Concerning the demographic factors assessed, age did not influence the final visual outcome. Conversely, Davidov et al. assessed 23 cases with post-anti-VEGF IVI endophthalmitis and indicated that younger age was linked to more favorable visual outcomes (21). Our findings showed that better visual acuity at presentation was linked to improved visual outcomes, consistent with Davidov et al.’s report that baseline BCVA was associated with better visual results (21). A negative culture result was significantly associated with better visual outcomes, contrasting with the findings of Dossarp et al.’s study, potentially influenced by the specific pathogens in the culture-positive subgroup (1).
In our analysis, patients who received TAI had better outcomes than those who underwent PPV. While previous retrospective analyses indicate no significant differences in outcomes between patients receiving TAI or PPV, our research does not support this conclusion (22).
In cases of endophthalmitis, several possible risk factors could be suggested.

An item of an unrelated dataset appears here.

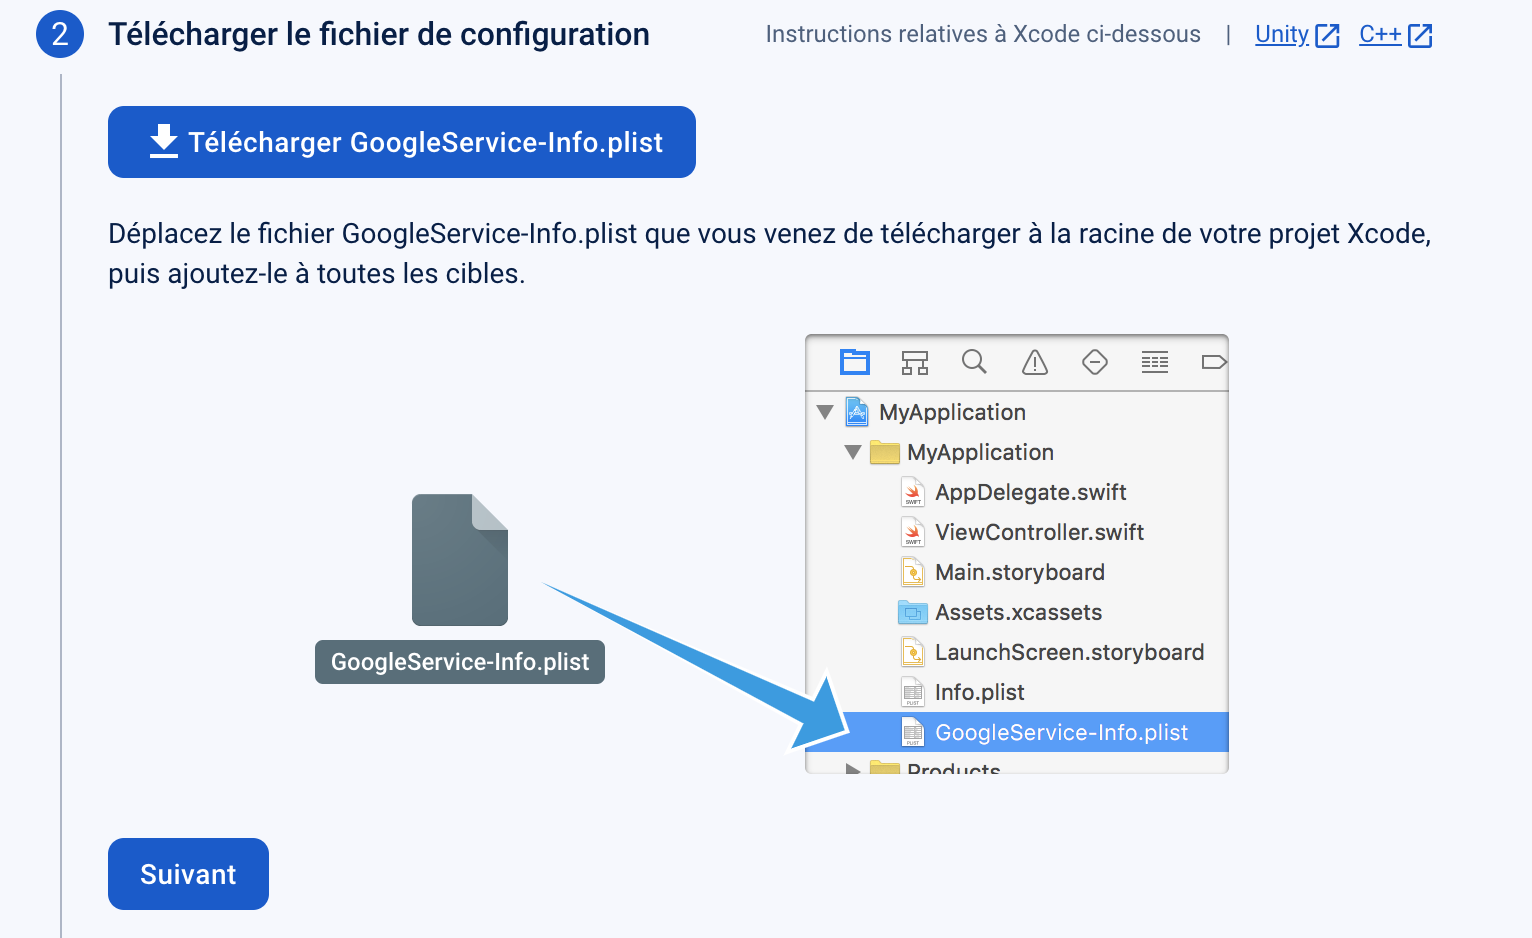 Capture d'écran de Firebase montrant où ajouter le fichier GoogleService-Info.plist

First, the use of repackaged bevacizumab syringes may have contributed to the increase. Second, inconsistencies in refrigerator storage could have led to greater contamination of bevacizumab vials during the pooling process. Third, contact between the needle and the eyelashes or lid margins during the procedure may have been a contributing factor. Lastly, the involvement of in-training fellows might have influenced the higher incidence rates. These factors emphasize the need for strict adherence to protocols regarding medication handling, storage, and procedural techniques to reduce the risk of endophthalmitis.

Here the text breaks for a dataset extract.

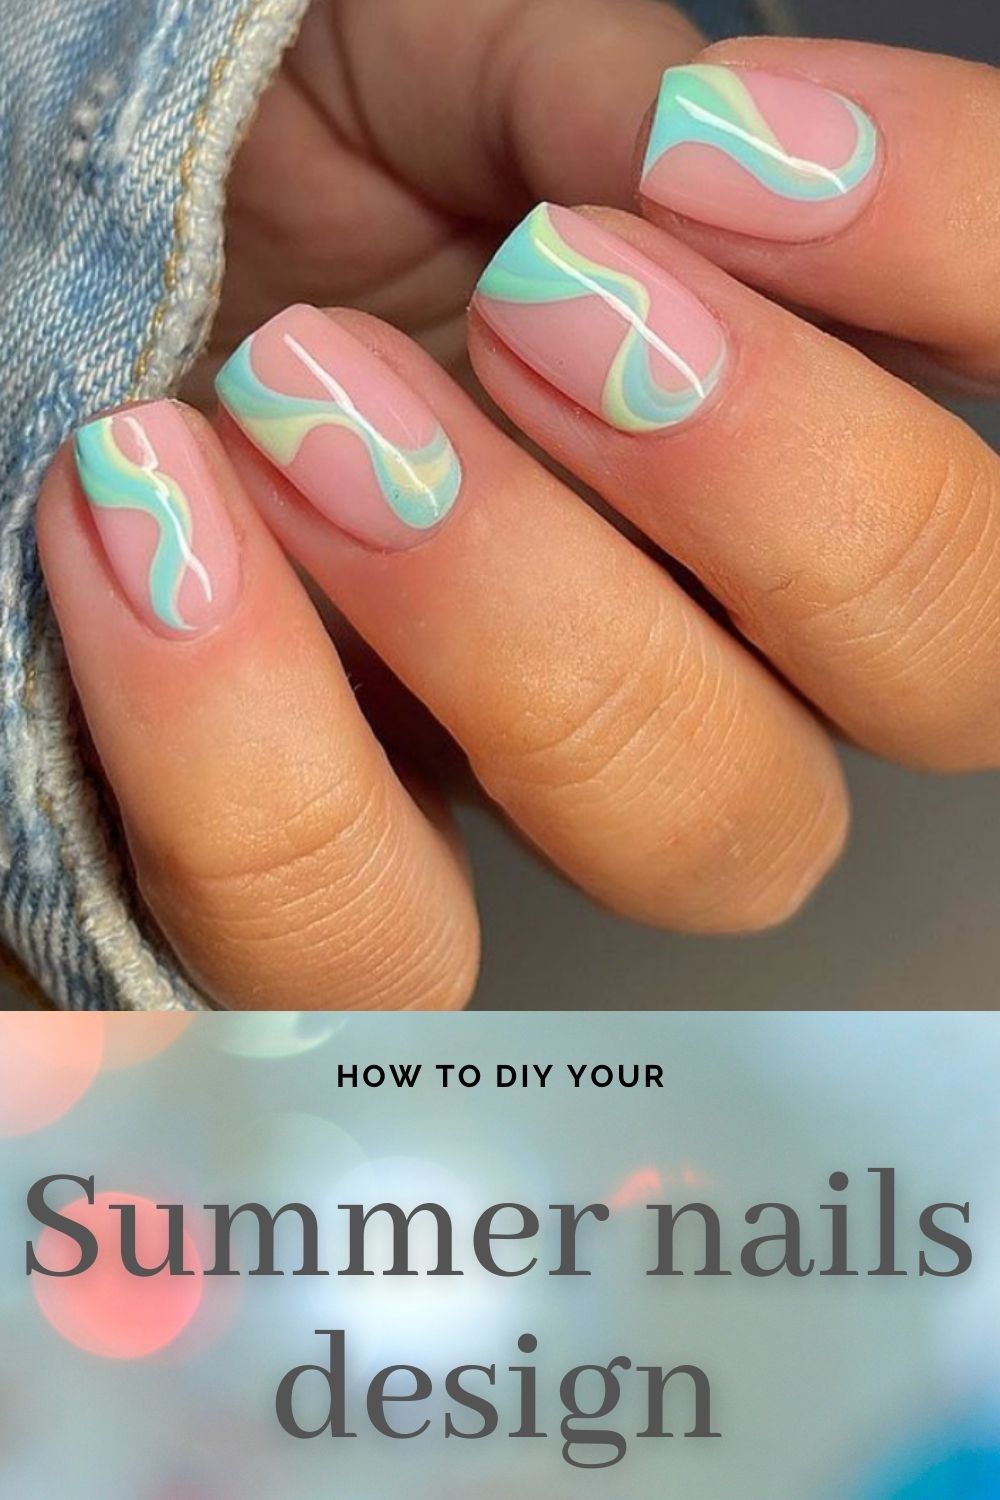 Summer nails 2021 Cute acrylic nail design with short nail shape!

However, certain limitations must be recognized. First, the retrospective design of the study presents inherent challenges, including potential selection bias and dependence on pre-existing data. Additionally, as the data comes from a single center, the findings may not be fully generalizable to a wider population. Variations in surgical proficiency among different surgeons could also influence the outcomes. Lastly, the relatively small number of endophthalmitis cases included may affect the statistical power and accuracy of the results. To strengthen future analyses, we plan to expand the sample size by incorporating data from multiple centers.
5.1. Conclusions
Infectious endophthalmitis following IVIs of anti-VEGF drugs is a rare yet severe complication of a procedure that has become routine in retinal practice. Due to the lack of established evidence-based guidelines, more information on the microorganisms responsible and the clinical progression of cases could help inform management strategies. Our findings can help predict outcomes and inform decision-making related to the treatment and diagnosis of post-injection IEO. Additional prospective trials are needed to develop comprehensive management guidelines for post-IVI endophthalmitis.